I'd appreciate if someone could tell me how to test a single glsl test (or batch or version) at a time.
Nevermind, I've found out how to run a single glsl test. Running /home/dema1701/projects/display/piglit/framework/../bin/shader_runner tests/spec/glsl-1.10/execution/variable-indexing/fs-temp-array-mat4-col-row-wr.shader_test works fine. Could it be the following test that crashes the system? If so, how can I know which test is next on the list?
If you run piglit with --no-concurrency from a remote shell, you should see in the terminal output which test is running when it hangs.
(In reply to comment #3) > If you run piglit with --no-concurrency from a remote shell, you should see > in the terminal output which test is running when it hangs. Many tests seems to skip when they are run remotely via an ssh session. Is this expected or should I set a parameter about the display?
It's perfectly normal that some tests are skipped, but you obviously do need to set the DISPLAY environment variable appropriately for the piglit run. Something like DISPLAY=:0 python2 piglit-run.py ...

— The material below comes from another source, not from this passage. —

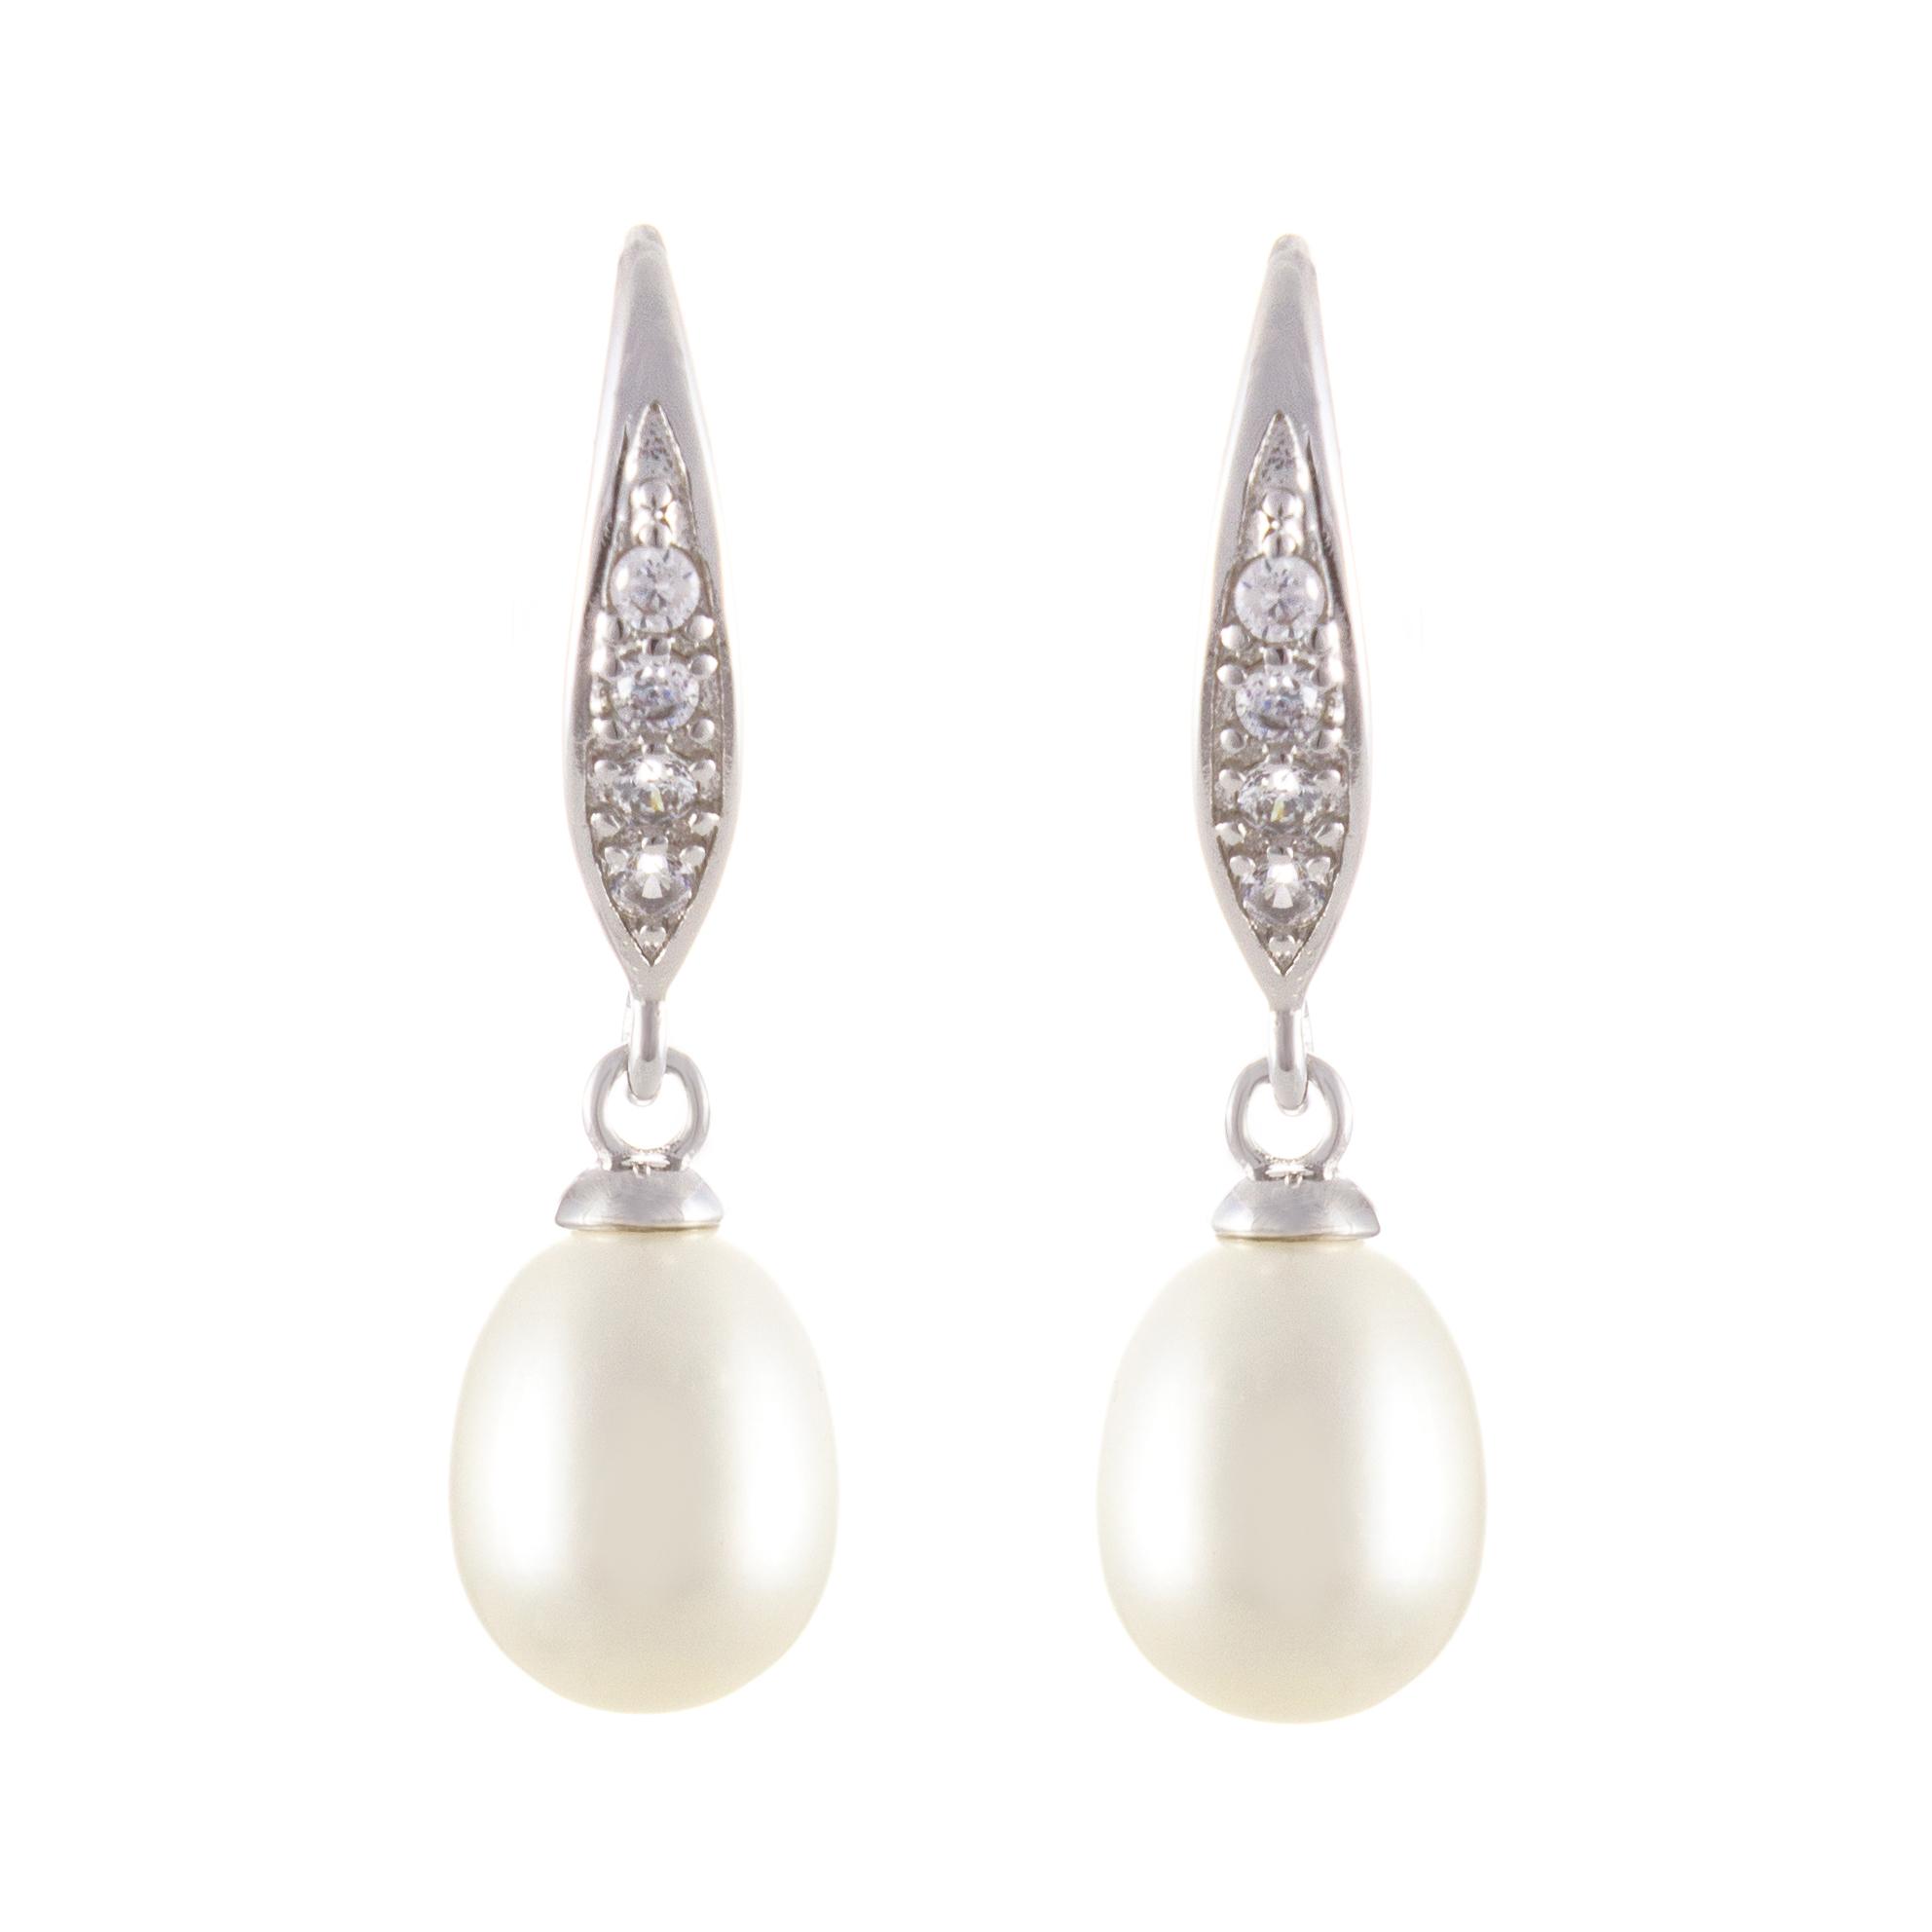 12mm 925 Silber Perle Perlen Ohrhänger Ohrringe Ohrstecker

(In reply to comment #5) > It's perfectly normal that some tests are skipped, but you obviously do need > to set the DISPLAY environment variable appropriately for the piglit run. > Something like > > DISPLAY=:0 python2 piglit-run.py ... I meant that some tests are skipped when run remotely, but tested when run locally. ;) I'll try your suggestion.
(In reply to comment #6) > > DISPLAY=:0 python2 piglit-run.py ... > > I meant that some tests are skipped when run remotely, but tested when run > locally. ;) Something would be wrong then. If you're doing it right, piglit is running just as locally, only its terminal output is visible elsewhere.

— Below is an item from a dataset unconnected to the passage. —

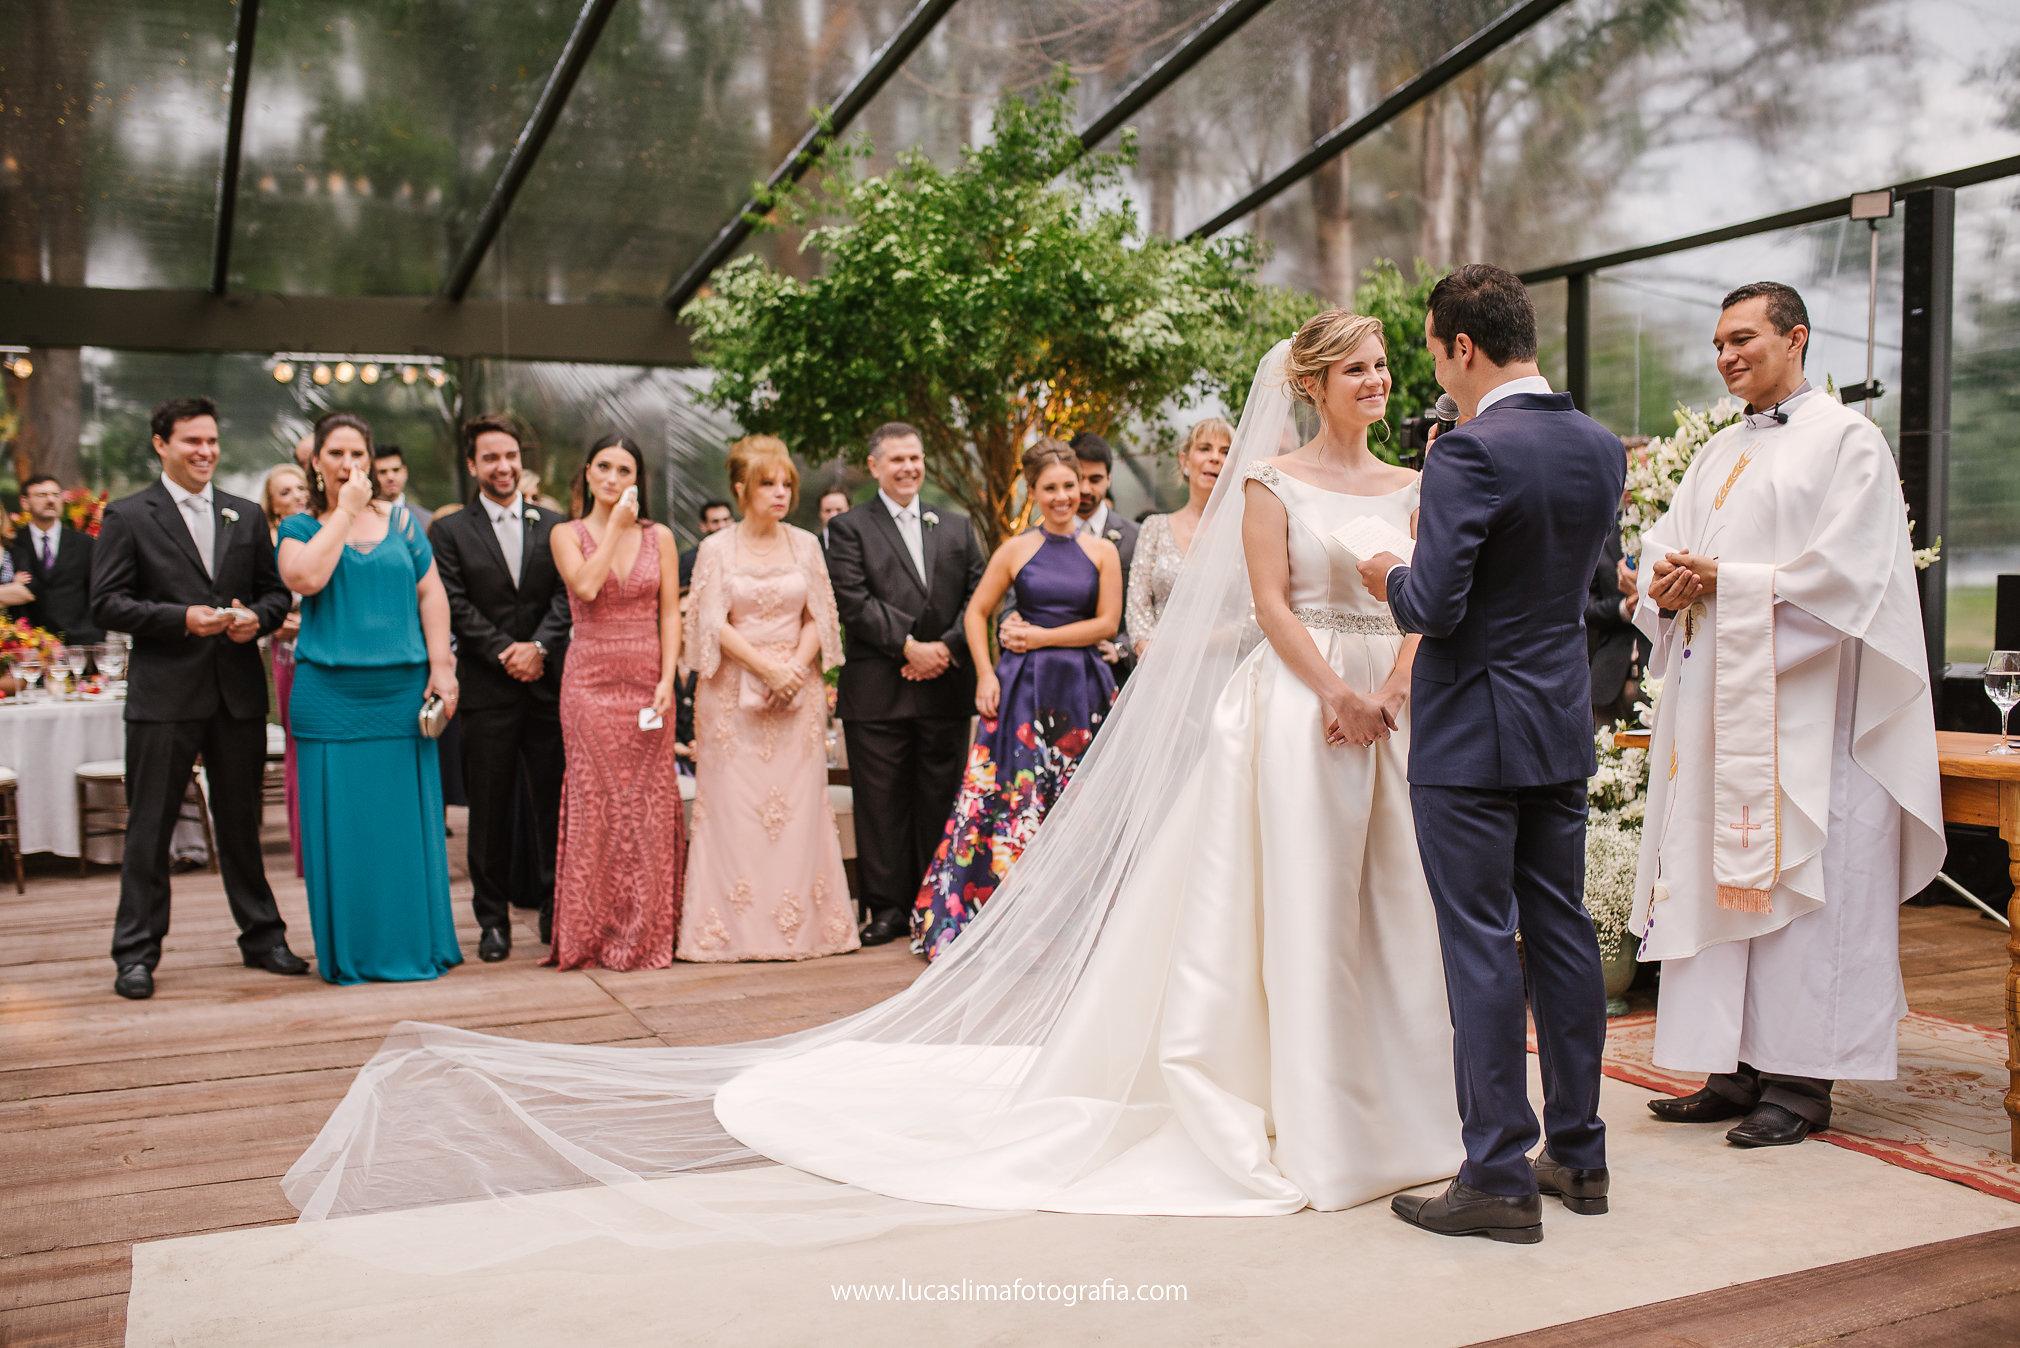 casamento-flavia-e-thomas-lucaslimafotografia-121

(In reply to comment #7) > (In reply to comment #6) > > > DISPLAY=:0 python2 piglit-run.py ... > > > > I meant that some tests are skipped when run remotely, but tested when run > > locally. ;) > > Something would be wrong then. If you're doing it right, piglit is running > just as locally, only its terminal output is visible elsewhere. Noted. I'll look at it when I'll get home tonight.
I was able to run it as supposed. I was missing the "DISPLAY=:0". I think I have identified which test fails first. I'll double-check and I'll tell you more as soon as I have time in the next couple of days.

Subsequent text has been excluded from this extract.